青渠抬眼正巧看到沈惜卉在门口站着,连忙咳了两声提醒着青莹,青莹背对着门口坐着,并未意识到什么,仍是自顾自地说着。
“三殿下本就卓尔不群,在皇子里也是出类拔萃的,要不然我们郡主……”
沈惜卉听到这,连忙抬脚踏进院内,故意发出些声响来打断青莹的话。
虽然她知道大家对她与三皇子的事情都心里有数,也并不避讳提及自己的心意,可听到谈论时仍是有些脸红心跳,更何况他们二人并未真正表露心意。
青莹听到脚步声猛地转身,看到郡主的那一刻,嘴角抿了又抿,神情也有些不好意思起来。
春娘和云栽姑姑也侧过身来,看了看沈惜卉,又看了看青莹,脸颊一个比一个红,忍不住抿着嘴轻笑。
沈惜卉挨着春娘身边坐着,装作方才并未听到的样子:“大家谈论何事如此高兴,快同我说说?”
“我同青莹领药材时,听到了些关于近日修订条例的事,刚才正感叹大皇子和三皇子年轻有为呢!”
云栽姑姑轻声说着,眉眼仍是带着笑意,一旁的青莹连忙接过话补充解释着。
“三殿下与礼部侍郎采纳良言,不断修正试行条例,尤其是补助家贫学子,无论在哪就读,皆可去就近的书院或衙门申领,申领者本人需每半月去复领,专门负责此事的官员会走访调查申领者是否领到,登记册仅负责人能看并不对外公开。”
“不仅如此,还会设置便服巡查司,所选官员需调查家族背景,巡查人员体察民情,以此作为地方官员考核的参考。”
沈惜卉静静听着,巡查司依据百姓日常考察,这倒是直接而又实用的,在她看来,富官或许并不意味着什么,但是富民却能反映官员所为。
当躬耕田垄时所穿布衣结实耐用并不简陋,当赤脚无衣已经成为罕见之景,当华服普遍而人人钱袋饱满,才足以说民生富足。
青莹看郡主听得专注入神,神情也放松起来,紧接着又说了些。
“大皇子提出不仅要识文断字,更要鼓励正义有理之言,有所依据、合乎情理,便酌情予以采纳,三皇子提议街巷设置的民意收集栏,允许百姓质疑和监督。”
沈惜卉听着,缓缓点了点头:“允许思考和质疑,越来越多的人勇于自主判断,自然也会在不同声音里分辨,那些失德失真之言或许会少些。”
她记得庄老先生曾教导过,拥有一定学识和思考能力,学会在不同意见里去分辨判断,会从众多声音中逐渐接近于真相和答案,倘若只允许听到一种声音,那么背后往往是危险而不自知的。
只是初期可能会遇到很多棘手的情况,待学子补贴落实,识文断字者普遍,在知识道理和美德示范的滋养中,或许才能达到他们所想的那样。
“大皇子与三皇子才能出众,近日深得皇上夸赞,前途自然是不可估量的。”云栽姑姑轻声道。
沈惜卉静静地听着,在她心中,正如诗中所言那样“我觉君非池中物,咫尺蛟龙云雨”。
像大皇子这样家世出身和品行才能都好的,自然是令人羡慕和欣赏的,如今大皇子与心悦之人许下婚约,她自然是满心欢喜祝愿。
想起上次三皇子所言,如今各种情况难以预测,他们之间的事……
青渠若有所思地看着沈惜卉,犹豫片刻后仍是开口了:“也不知谁传出去的,都猜测郡主无意他人,是因为心有所属。”

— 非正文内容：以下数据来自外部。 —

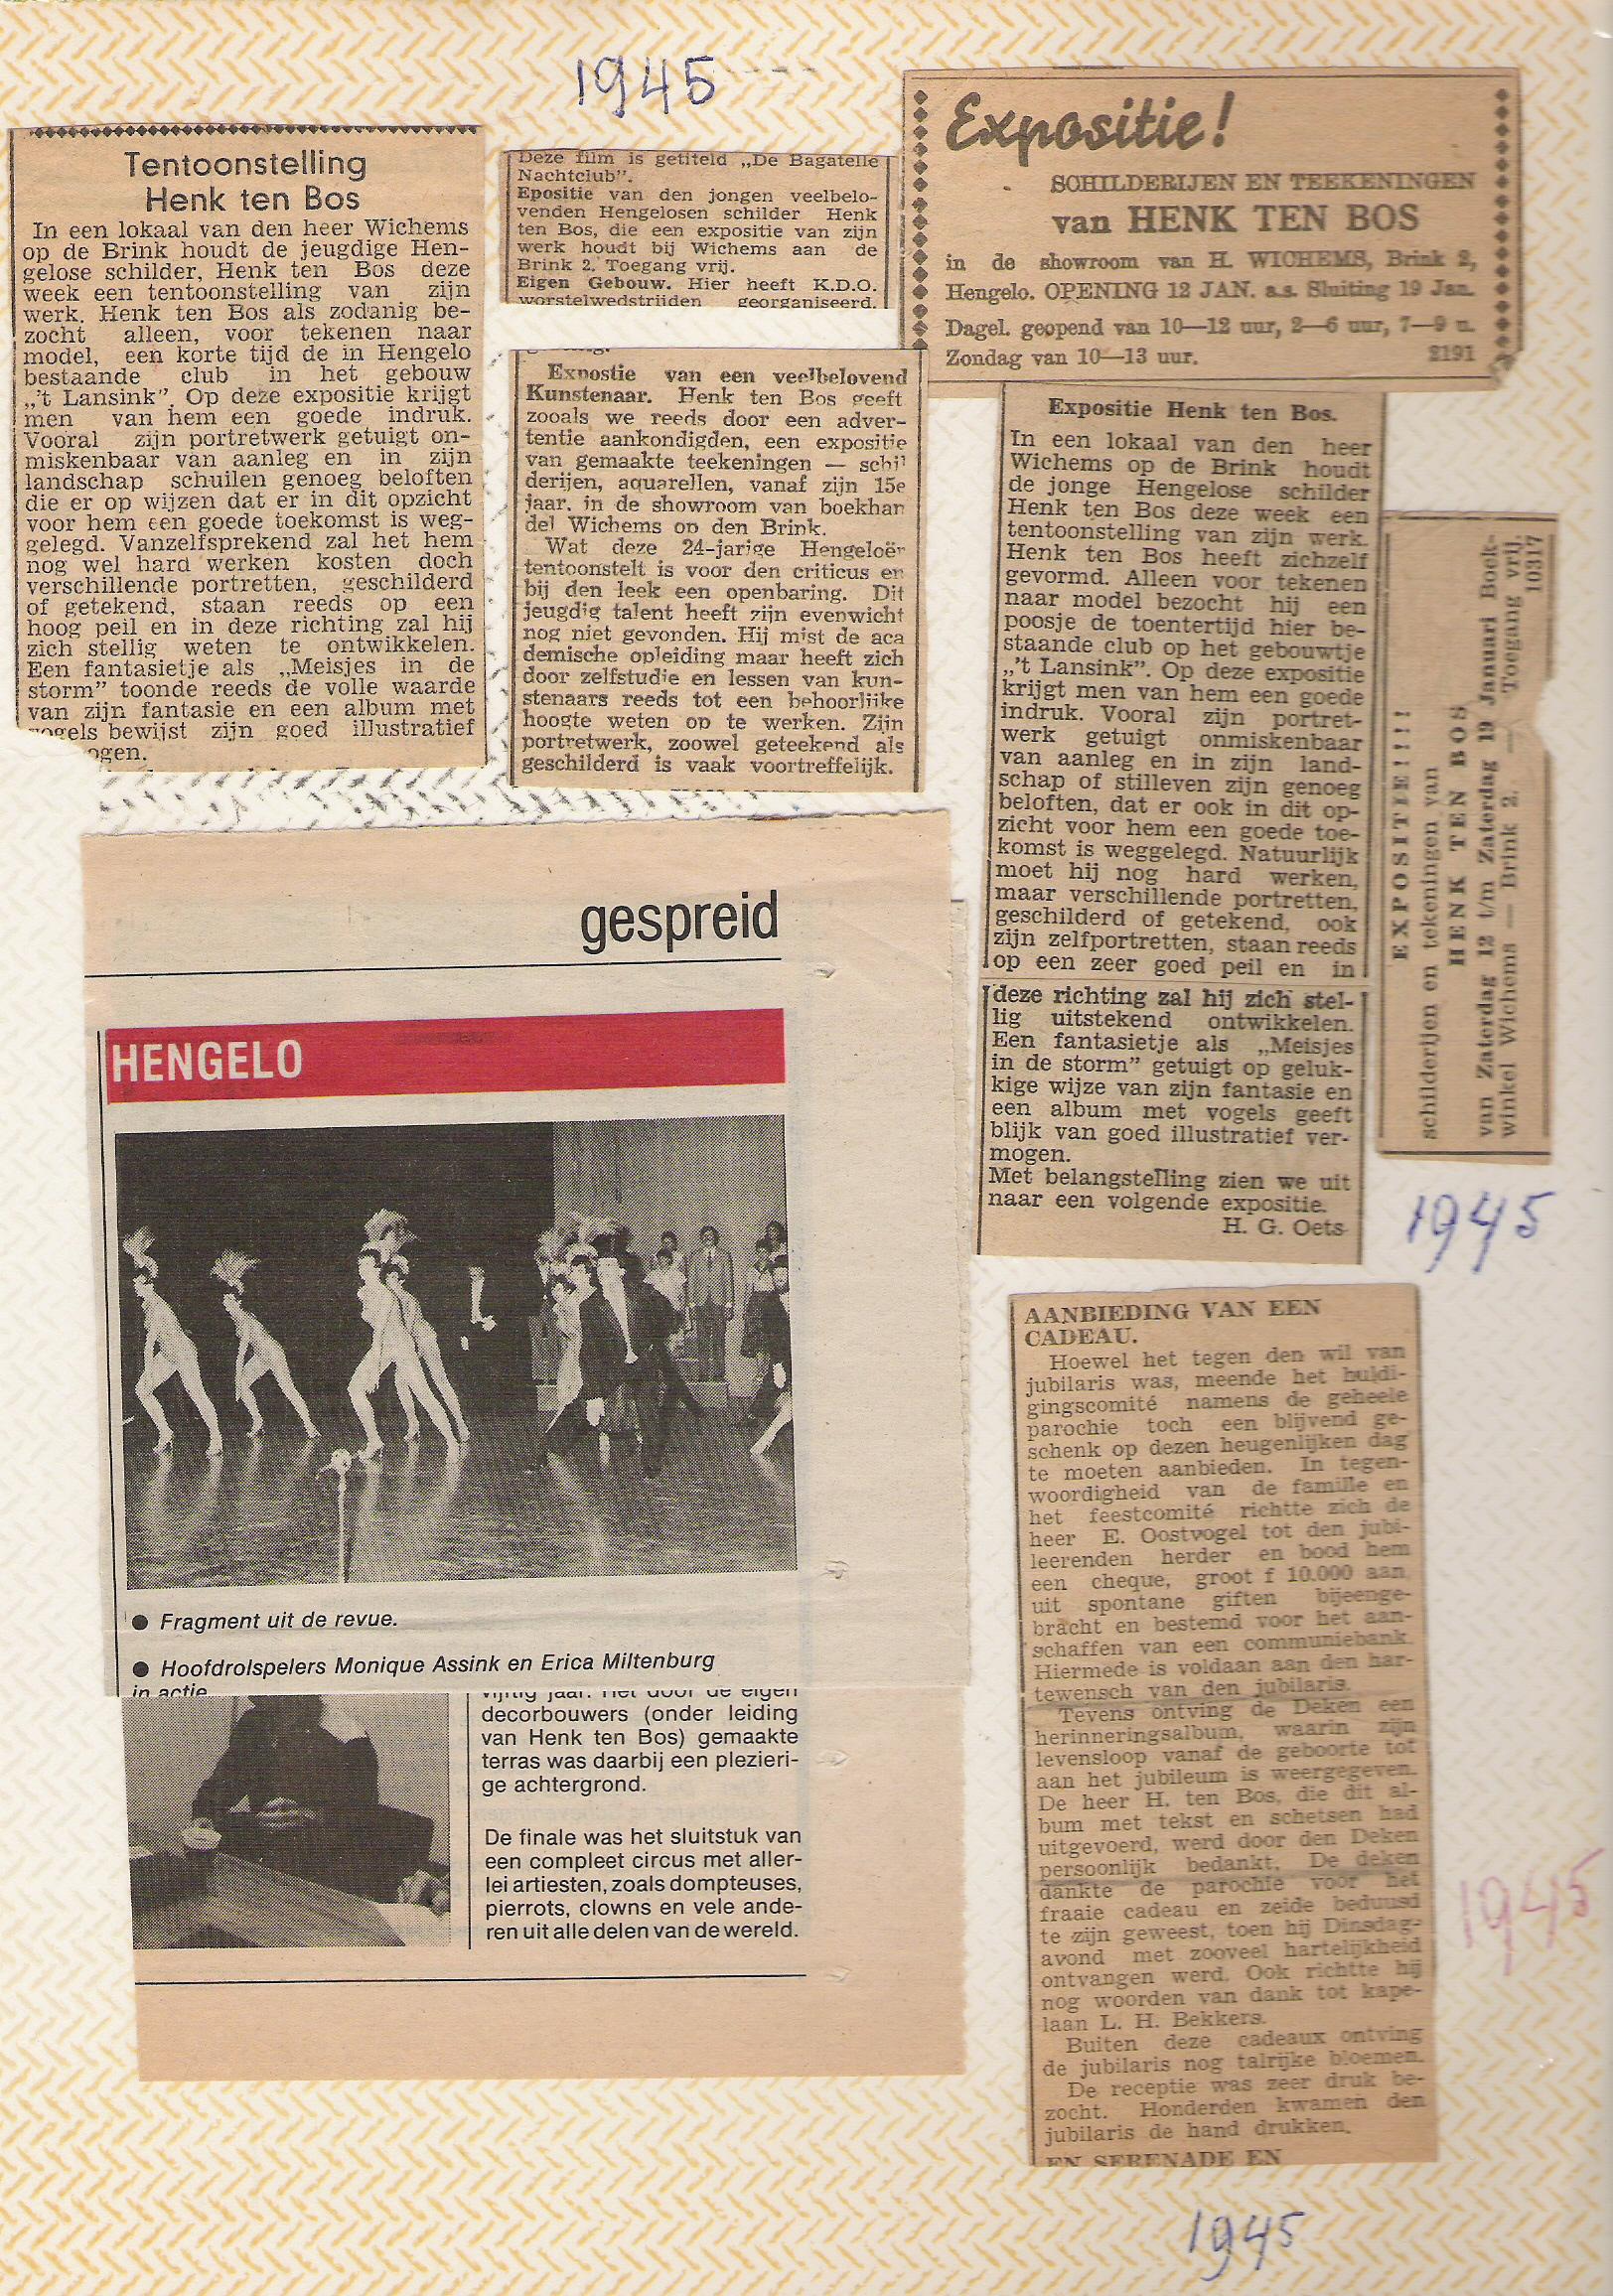 Aantal krantenknipsels uit 1945

沈惜卉感觉被戳中了心事一般,并没有之前那样慌张,反而有一种异样的平和。
“在理。”
她有些害羞地扬起嘴角,在大家的注视下,转身往屋子走去,轻快的脚步里洋溢着惬意。
“郡主说的是‘在理’,我听得真真的!”
青莹小声地说着,看见大家都是一副了然于心的样子,便也忍不住抿着嘴笑了起来。
傍晚时分,一位颇为面生的公公前来通传,说是青云先生邀郡主去清凉池相见。
云栽姑姑和春娘面露疑色,并不敢轻易接话和回应。
沈惜卉倚着宫灯和月色,仔细打量着这位公公,他并非往日通传的身形较为清瘦的公公,却莫名有一丝眼熟。
她回忆起那夜遇到翠微先生后见过这位公公,没错,是慈宁宫的。
公公见沈惜卉不为所动,神色依旧平静,他从衣袖拿出一个纸条:“郡主,这是青云先生所写。”
纸条上面短短一行字:卉儿,近来可一切安好?
沈惜卉愣了一下,这字迹确实是师父的,看这笔墨也较为新鲜,并不像存放已久的样子。
可清凉池偏远人少,师父即便想见面,也不会让慈宁宫的人来通传才是,可这的确是师父所写无疑。
春娘轻声说着:“烦请公公等待片刻,天色已晚,我喊青渠陪郡主同去。”
“青云先生,只邀郡主单独相见。”
公公的声音不大,语气里却带着一丝不容置疑,神色依旧是平静无波澜的。
“烦请公公带路。”
沈惜卉眼神示意春娘她们不必慌张,她默默地把纸条塞进衣袖,顺便将藏于袖里的一小瓶雾白粉拿出来攥在手里。
她大概能猜出这并非师父邀约,却又抱着一丝“万一”的侥幸,实在不行,半路她也可以将公公擒拿,看看能不能套一些话。
虽说她会武功,但并未带兵器,青莹说这雾白粉往眼前一撒,过了一个时辰才能恢复视力,若是遇袭也可试验一番。
青石宫道在夜色和昏黄的宫灯下泛着光,引路的公公步子走得极轻,他们一前一后,影子在宫灯下拉得细长。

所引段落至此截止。